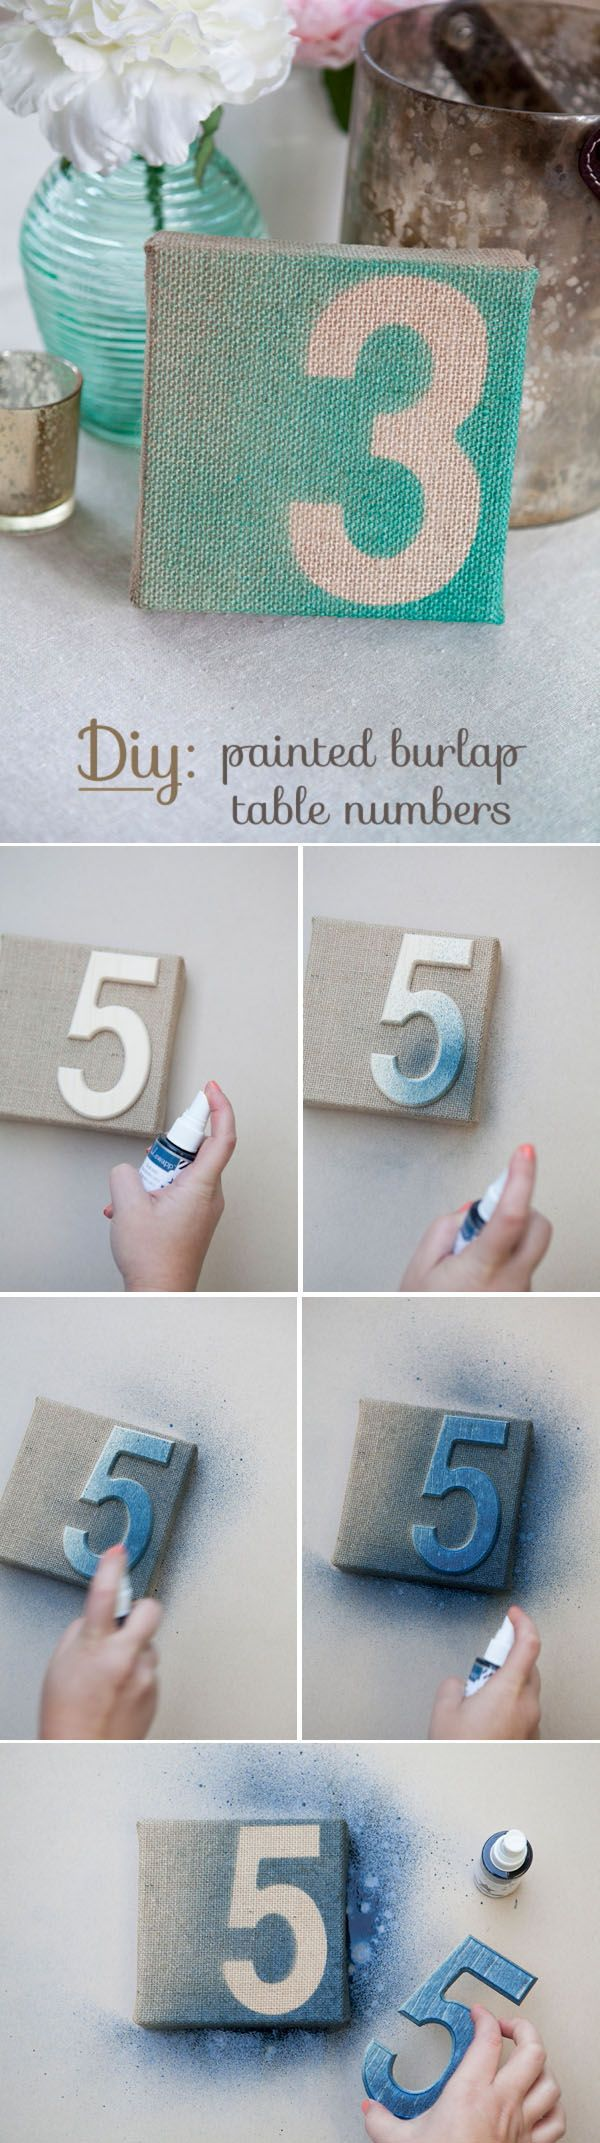 diy painted burlap table numbers for rustic wedding ideas
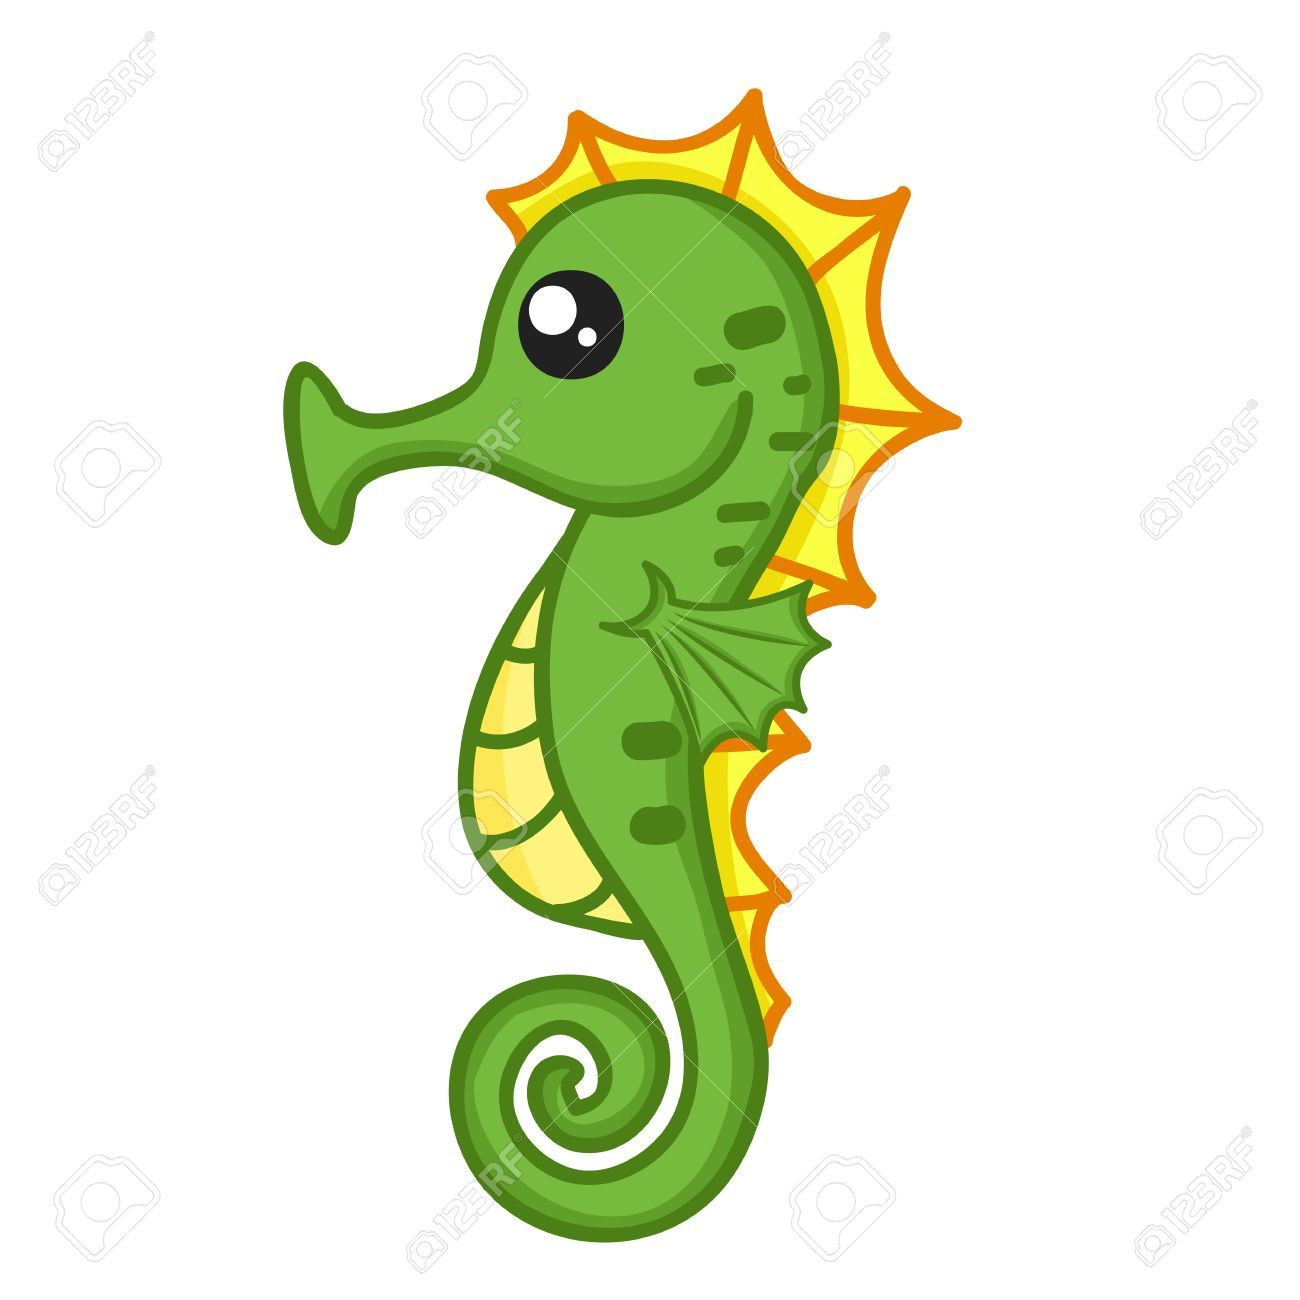 Sea horse clipart cute banner royalty free download Cute Seahorse Clipart #1 | Cool rock ideas! | Seahorse ... banner royalty free download
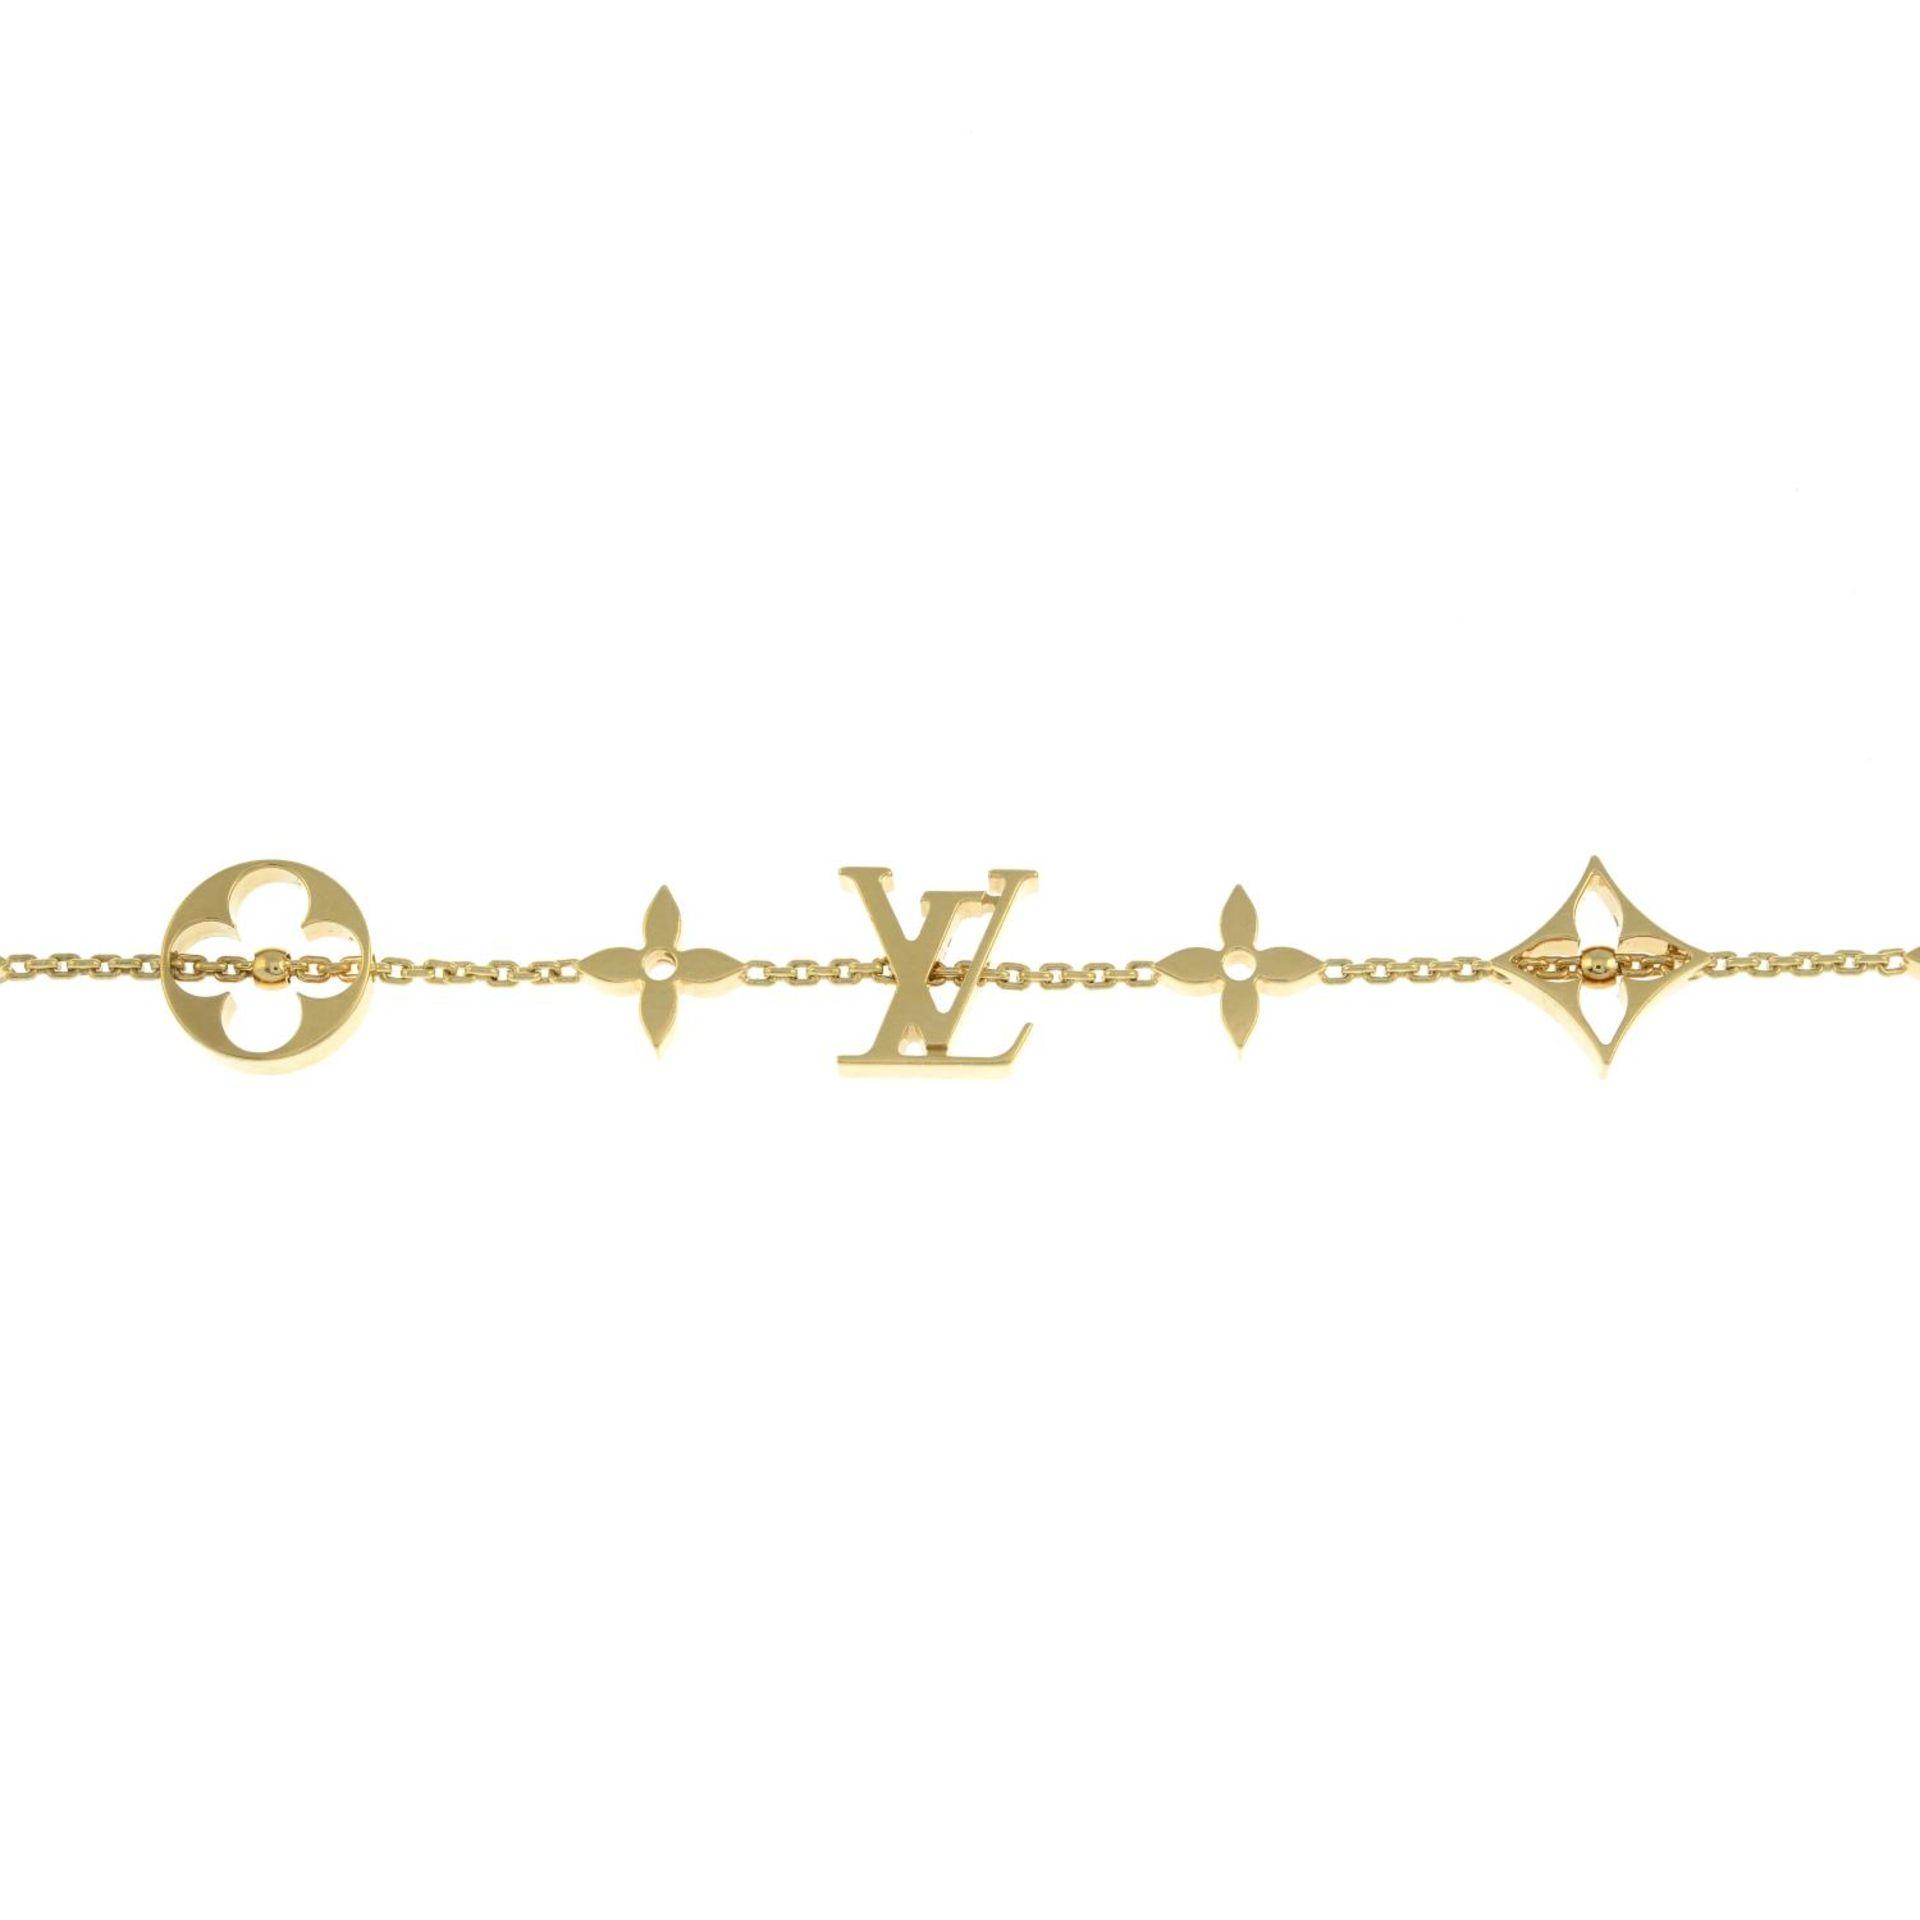 An 'Idylee Blossom Monogram' bracelet, - Image 2 of 4
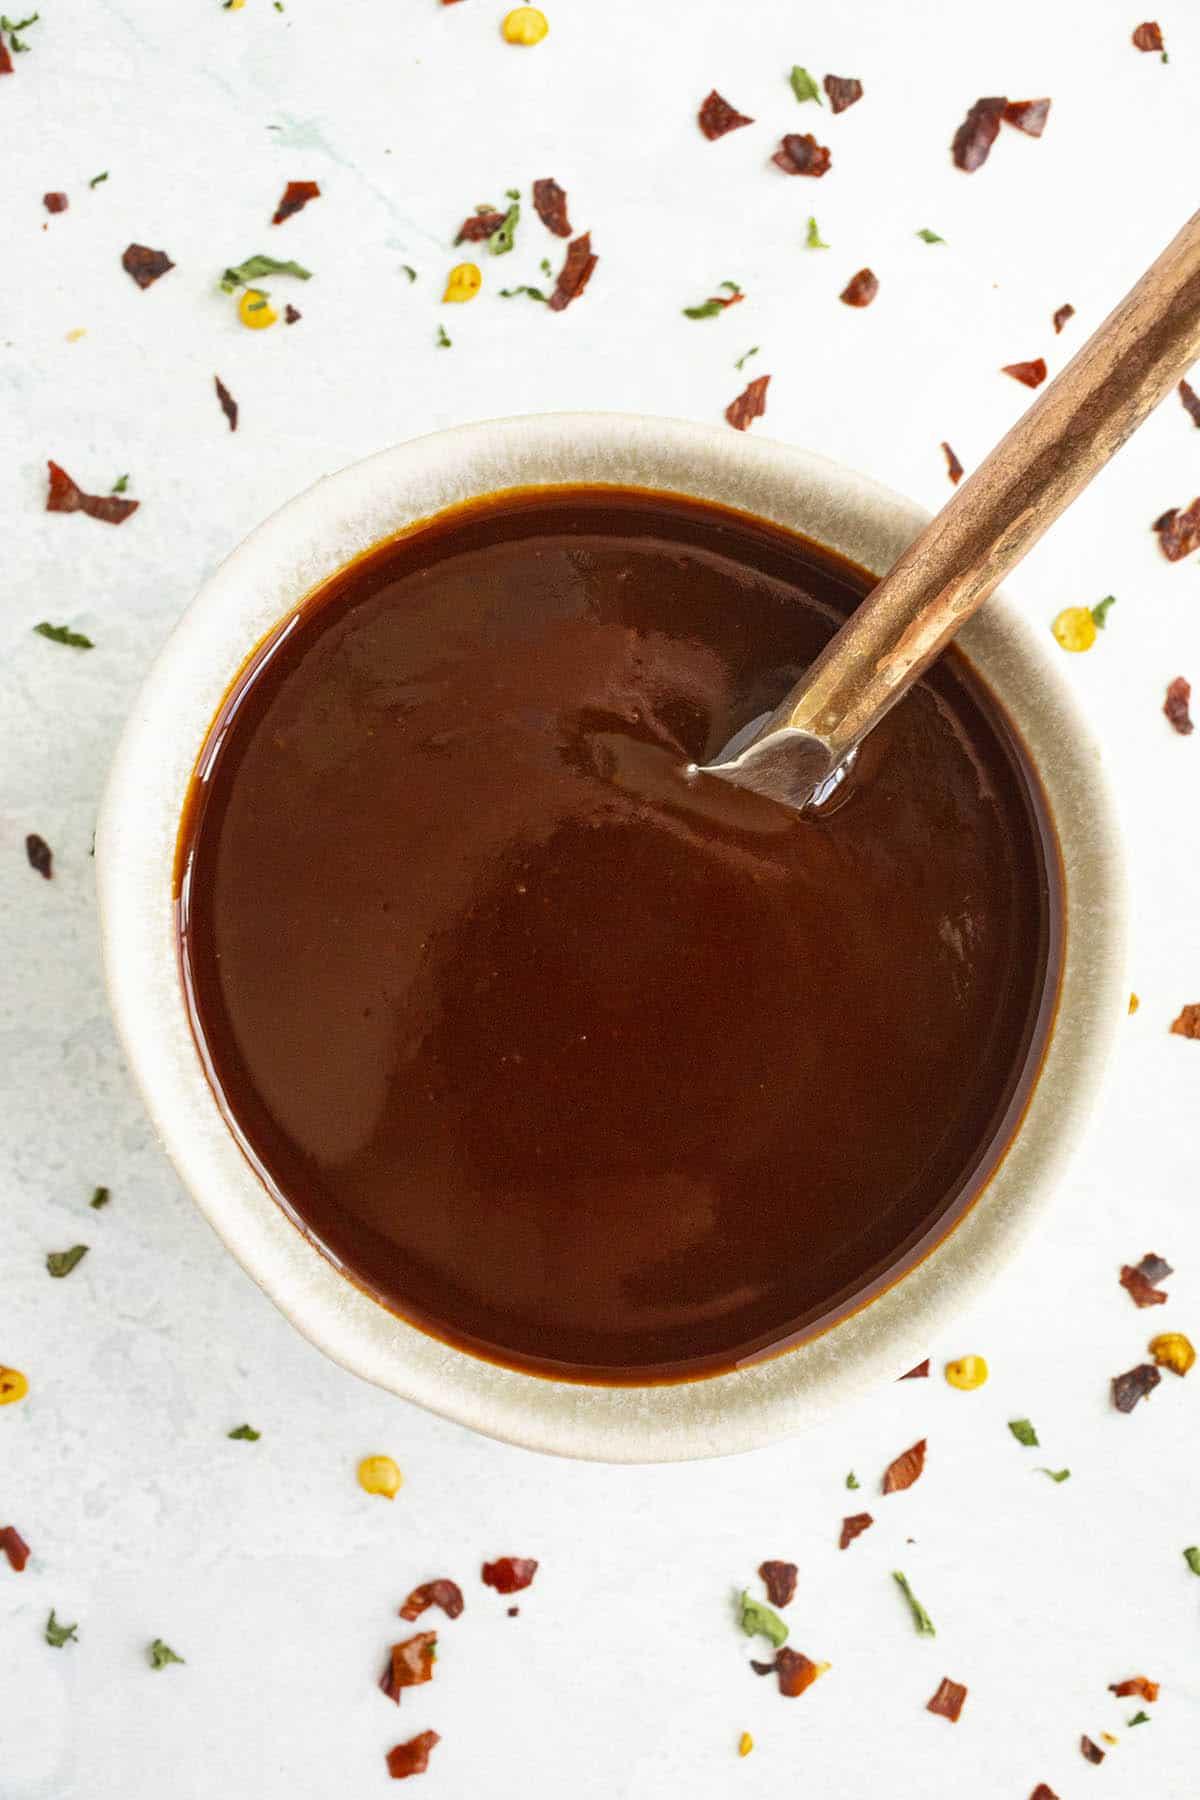 Gochujang Sauce in a bowl

### Directions for this task
What you need to retype is every line from the one that has "An 'Idylee Blossom" through the last line of the listing, both included, with the pictures left out.

### Written reply
 An 'Idylee Blossom Monogram' bracelet, - Image 2 of 4
 Gochujang Sauce in a bowl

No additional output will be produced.